Many of these programs involve collaborations with other organizations that have specific expertise. The Children’s Museum of Manhattan on the Upper West Side, for example, developed its so-called EatSleepPlay effort with the National Institutes of Health and collaborates with the City University of New York on training at-home child-care providers in teaching literacy, math and science.

The Children’s Museum of the Arts in SoHo has joined with Henry Street Settlement’s Urban Family Center to bring free weaving, printmaking and sculpture to children living in transitional housing, culminating with a children’s art exhibition and a reception for families and friends. And the Boston Children’s Museum is joining with Head Start, Boston Public Schools and the City of Boston to prepare students for kindergarten.
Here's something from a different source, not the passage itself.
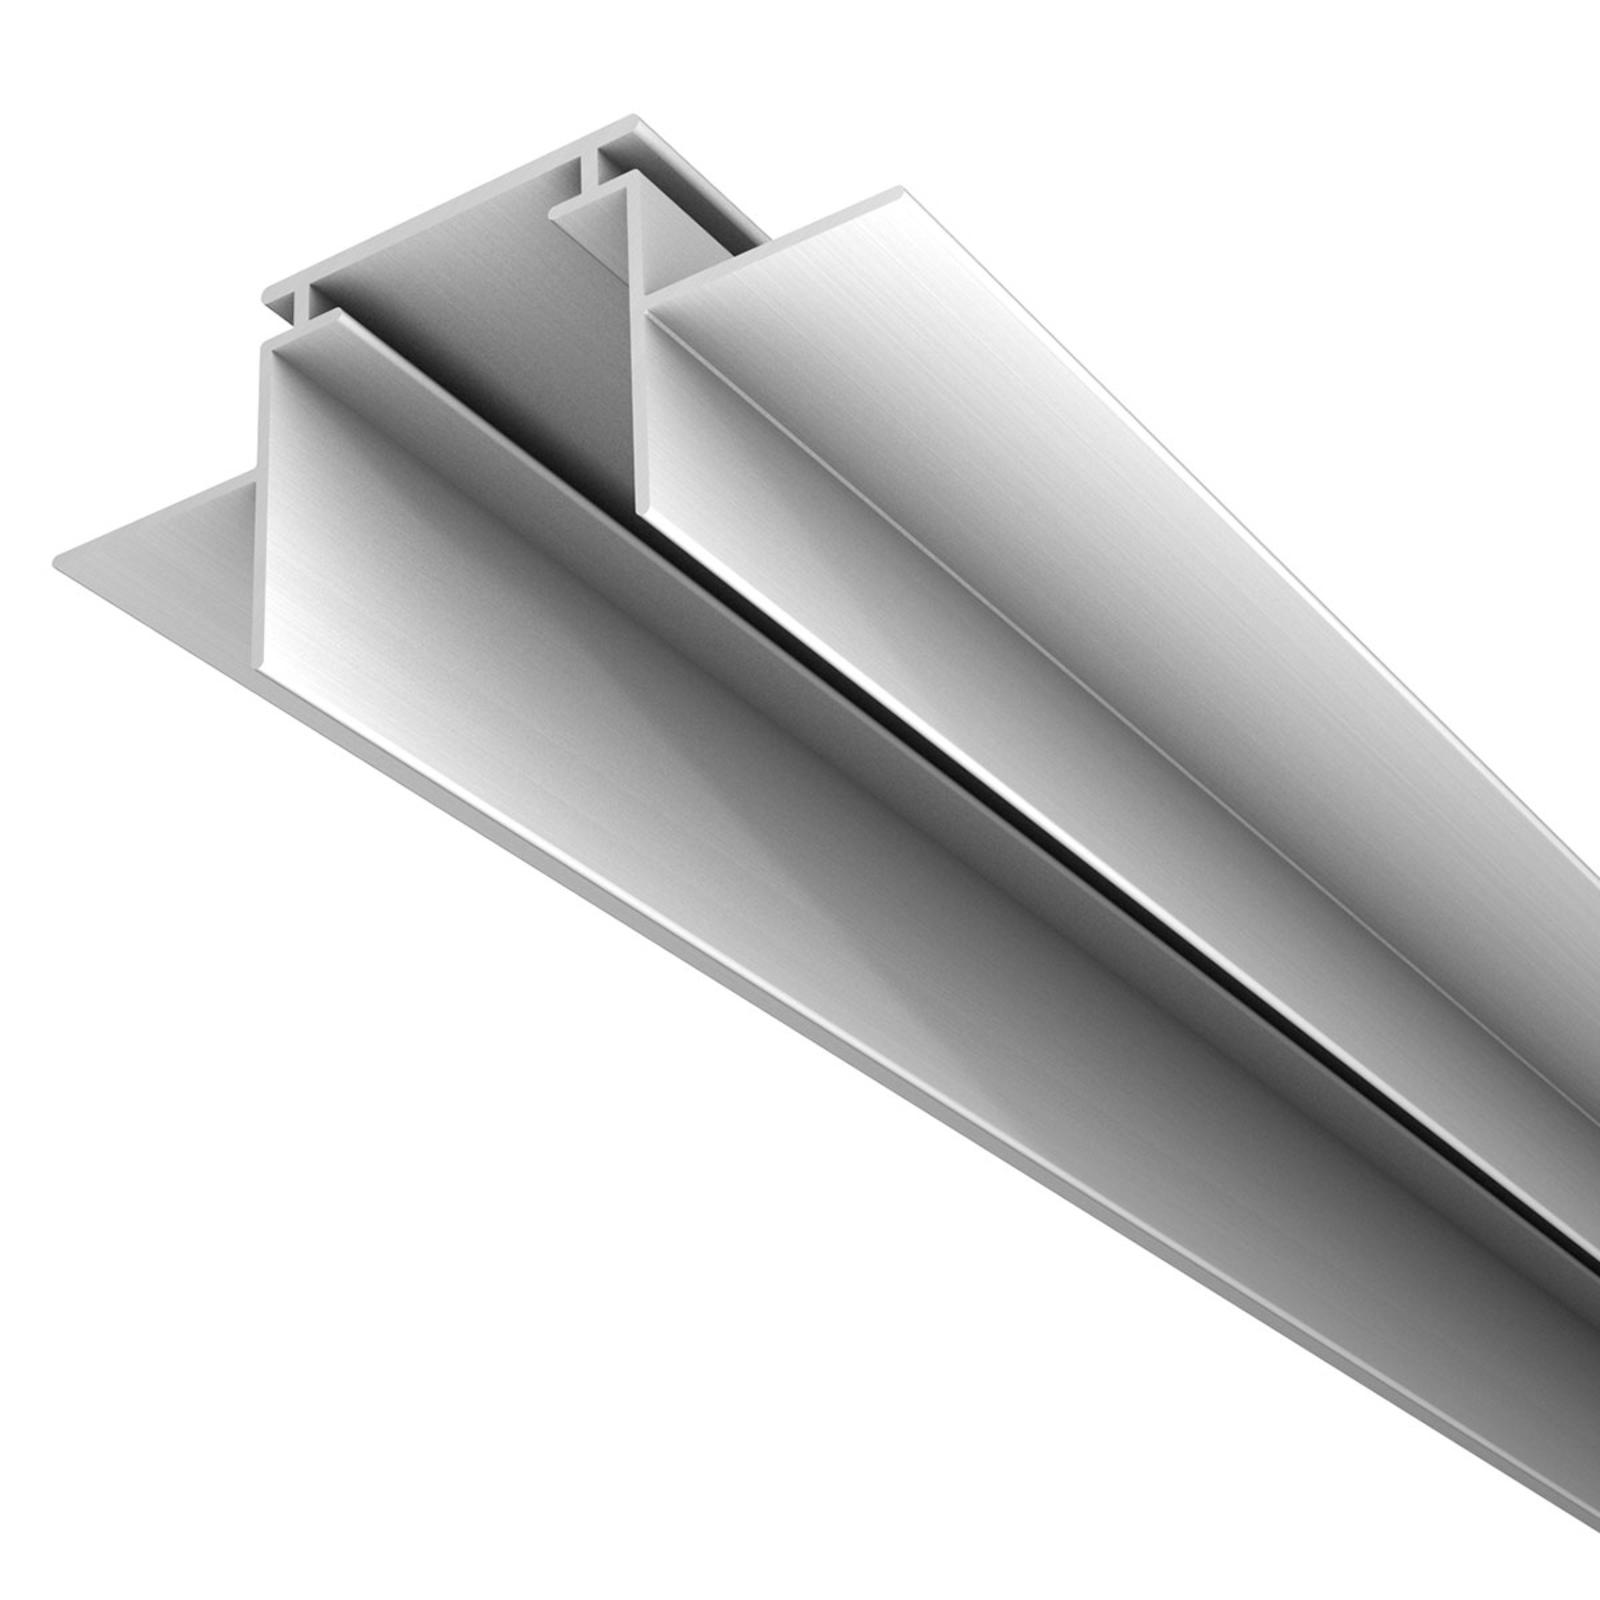 M28 LED aluminijasti profil širine 66 mm podporni profil

“We want to be relevant to our communities,” said Jeri Robinson, the vice president for early childhood and family learning at the Boston museum.

Museums are also developing continuing relationships with outside experts. The Children’s Museum of Manhattan, for example, has worked closely with health advisers like Dr. Judith Owens, director of sleep medicine at the Children’s National Medical Center in Washington. Her research helped the museum develop the sleep section of the EatSleepPlay exhibition,  covering topics like preparing for sleep, what happens during sleep and how much sleep children need.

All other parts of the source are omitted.